June 10, 2016

What Does Living ‘Close’ to Transit Really Mean?

City Lab – New studies suggest proximity to transit is quite flexible and could extend to a mile out.

The question of how far people will walk to reach a transit stop has a pretty significant impact on the shape of cities. American urban planners conventionally draw that line at about a half-mile. Some guidelines pull it back to a quarter-mile, while others adjust the distance for bus stops (typically a quarter-mile) and train stations (typically a half-mile), but the consensus holds that no one makes it farther than half a mile on foot.

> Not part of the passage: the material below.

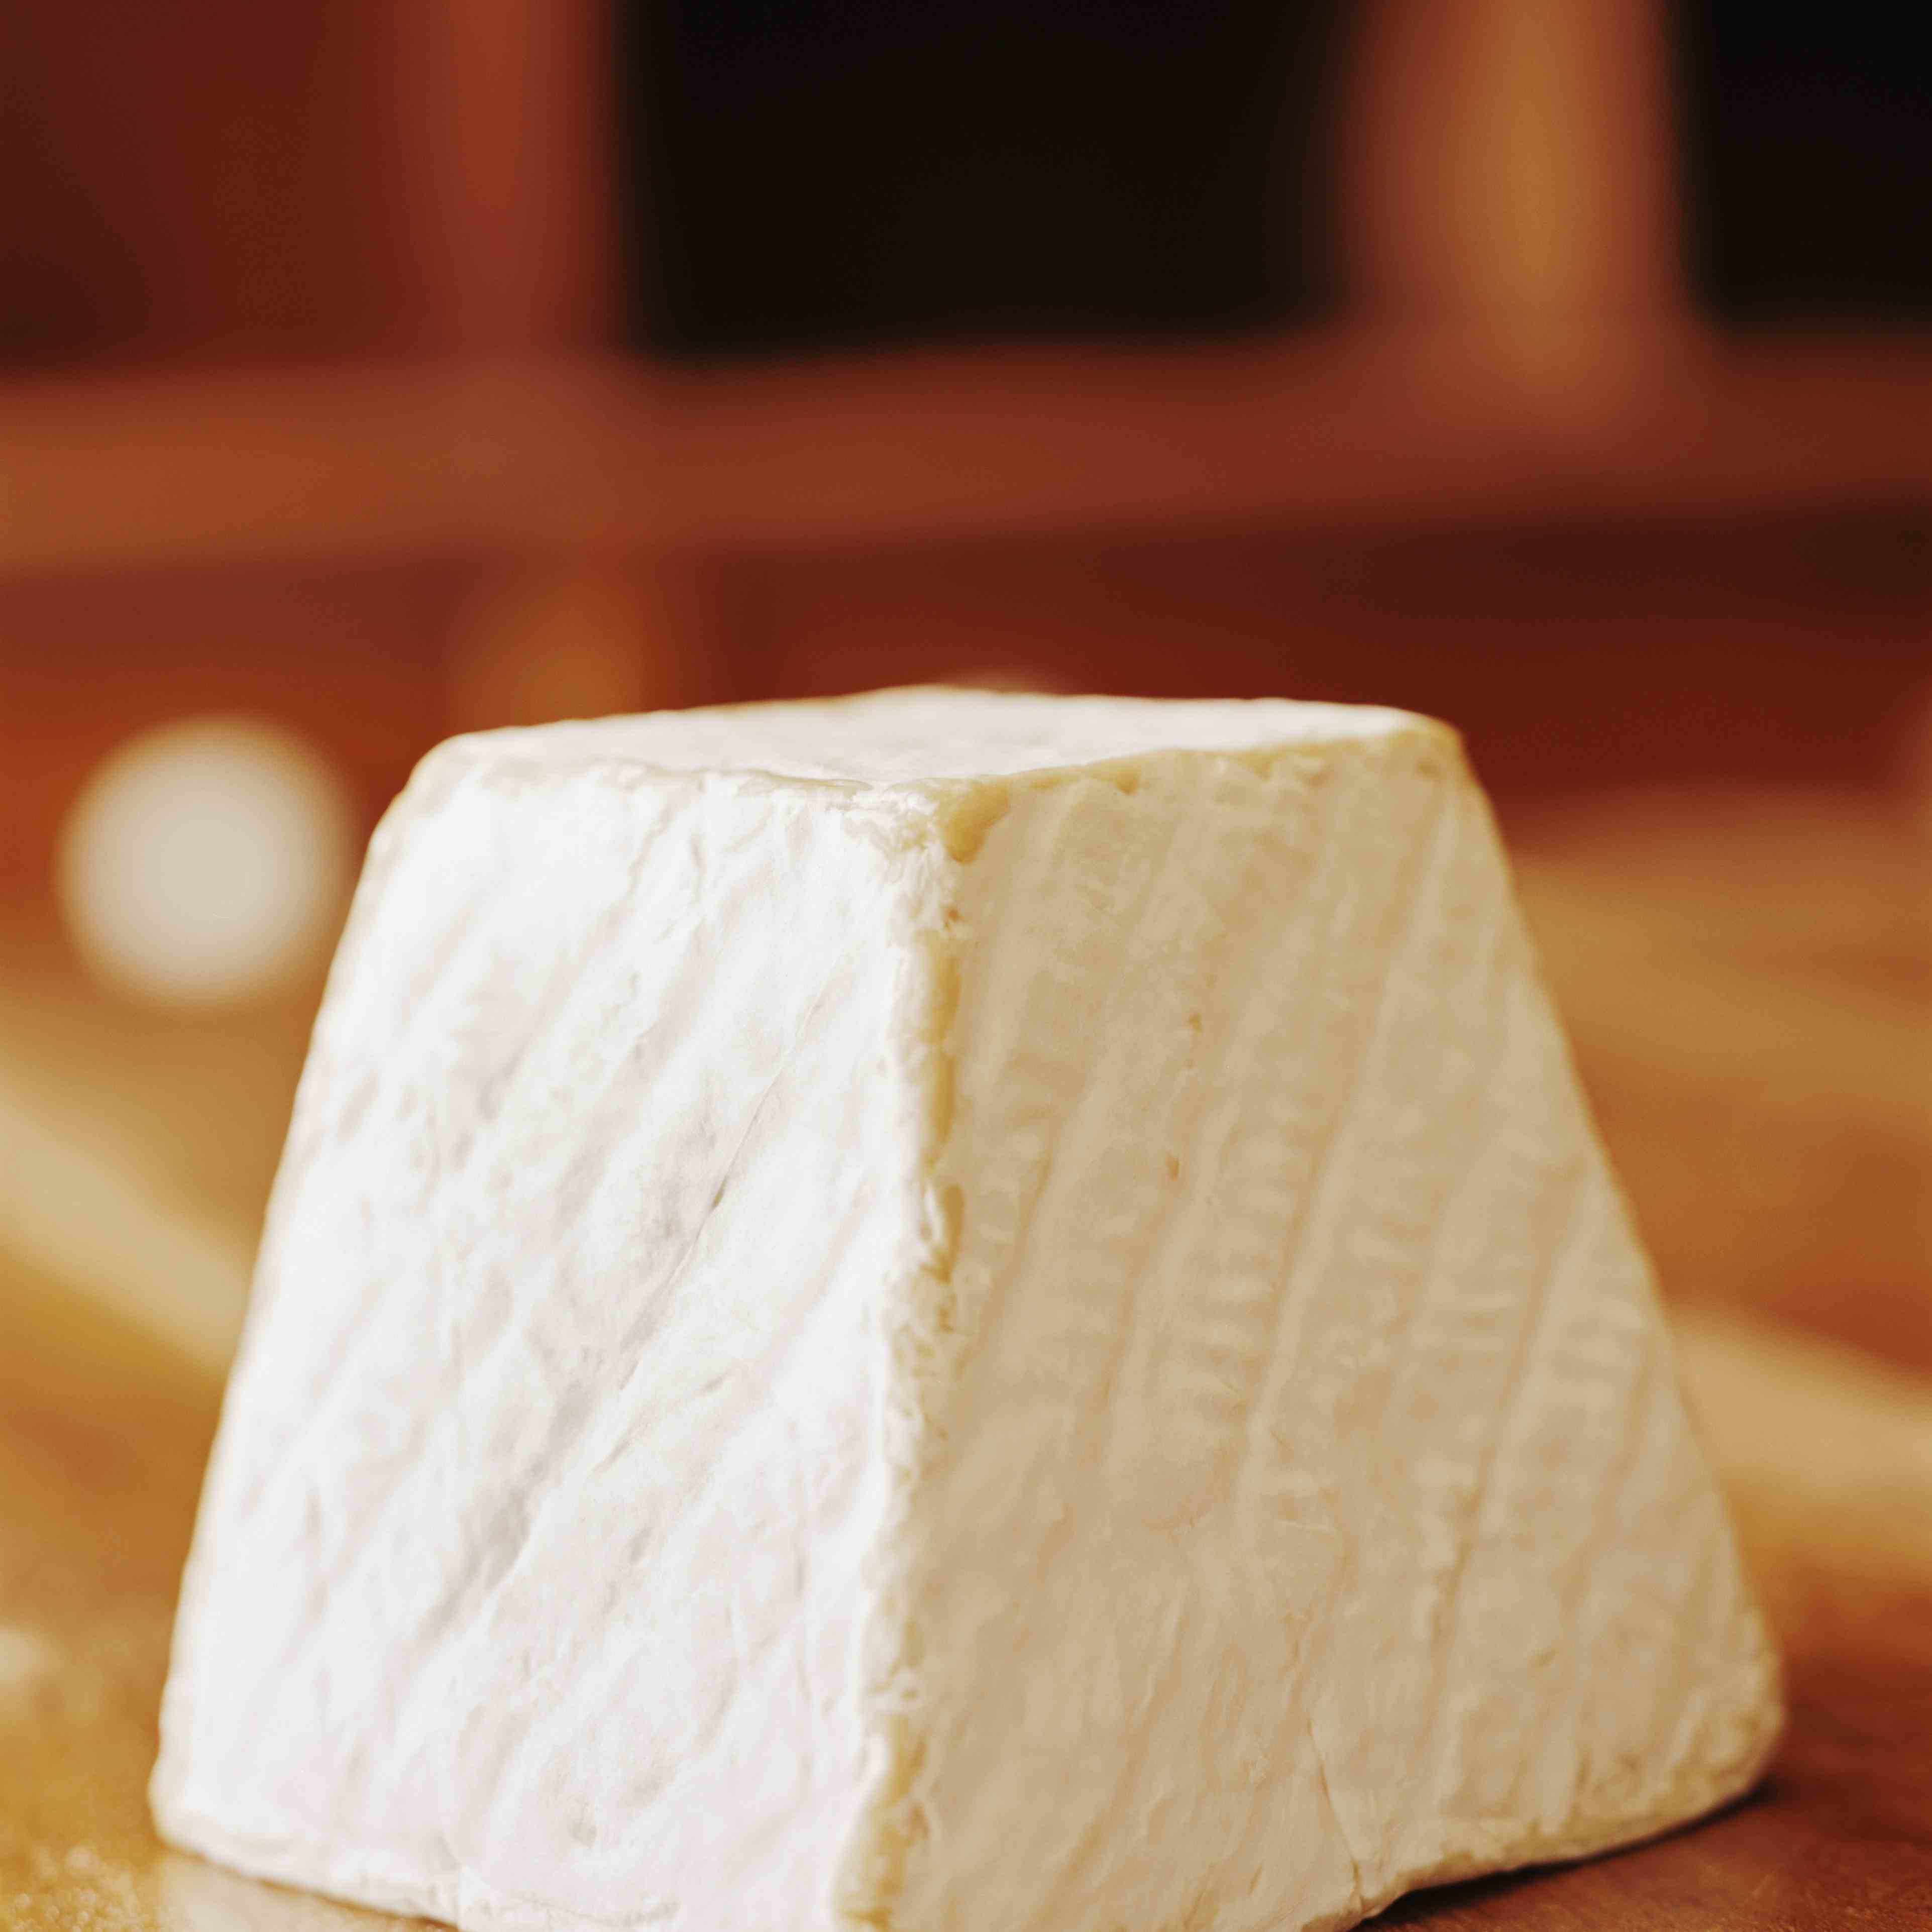 Vermont goat cheese

The impact of this thinking can be seen clearly in the planning rules a city creates for its transit-oriented development. Take two recent examples: Denver just started a fund to help finance properties built within a half-mile of light rail and a quarter-mile of good bus stops, and the town of Mamaroneck in metro New York just zoned for TOD within a quarter-mile of its commuter rail station. Even as such guidelines encourage urban growth, they also establish a hard edge for it.

New research, set to be presented Monday at the 94th Annual Meeting of the Transportation Research Board, suggests that some cities indeed might be selling their TOD footprint short. A study group led by planning scholar Arthur Nelson of the University of Arizona analyzed the impact that proximity to a light rail station had on office rents in metropolitan Dallas. They found that a quarter of the rent premium (“not a trivial amount,” they submit) extended nearly a mile away from transit.

“I recommend this [a mile] as the TOD planning area for office and related land uses,” Nelson tells CityLab.

As expected, Nelson and company found that rent premiums decreased farther away from a DART station. A quarter of the premium disappeared after a quarter-mile, half disappeared at about .56 miles, and 75 percent had disappeared by .93 miles (below). But that means a quarter of the rent premium extended almost a full mile away from transit—and the researchers detected evidence of a premium as far away as 1.85 miles from light rail stations.

The findings echo a similar analysis recently conducted in the Twin Cities. For this study, two University of Minnesota scholars analyzed the values of commercial and industrial properties along the metro area’s 12-mile, 19-station Hiawatha light rail line. In a 2013 paper, they reported a transit-oriented price premium that extended nearly nine-tenths of a mile from the light rail stations:

This suggests that future studies that assess property value effects should go beyond the traditional 1⁄4-mile and 1⁄2-mile buffers while imposing some form of boundary limitations. Such a refinement on the study area of transportation investment can help reconcile the differences in the size of impact area of transit voiced by various stakeholders, especially in applications for federal and state funding such as TIGER or in developing financing instruments such as TIF.

What both these studies point to is that “proximity” to transit is a rather flexible setting that’s by no means limited to a quarter- or half-mile in all cases. Of course, most people prefer to walk as little as possible to reach a transit stop or station. But not all urban street networks are created equal (walking a half-mile in Manhattan doesn’t feel the same as walking that far in, say, pedestrian-unfriendly Orlando) and not all riders have the same options. The recent findings at least raise the possibility that cities could increase both ridership and market opportunities by extending TOD planning at least a mile from a station.

And the impact of transit proximity bears on more than planning zones. Acceptable walking distance can inform value capture arrangements that help cities recoup real estate premiums generated by transit access. It can also influence the frequency of a transit system itself: if you assume people will walk farther to bus stops, for instance, you can set these stops farther apart, thereby reducing operating costs using the extra money on more buses.

So it’s tricky to determine just how far people will walk for good transit. But doing so is hardly trivial.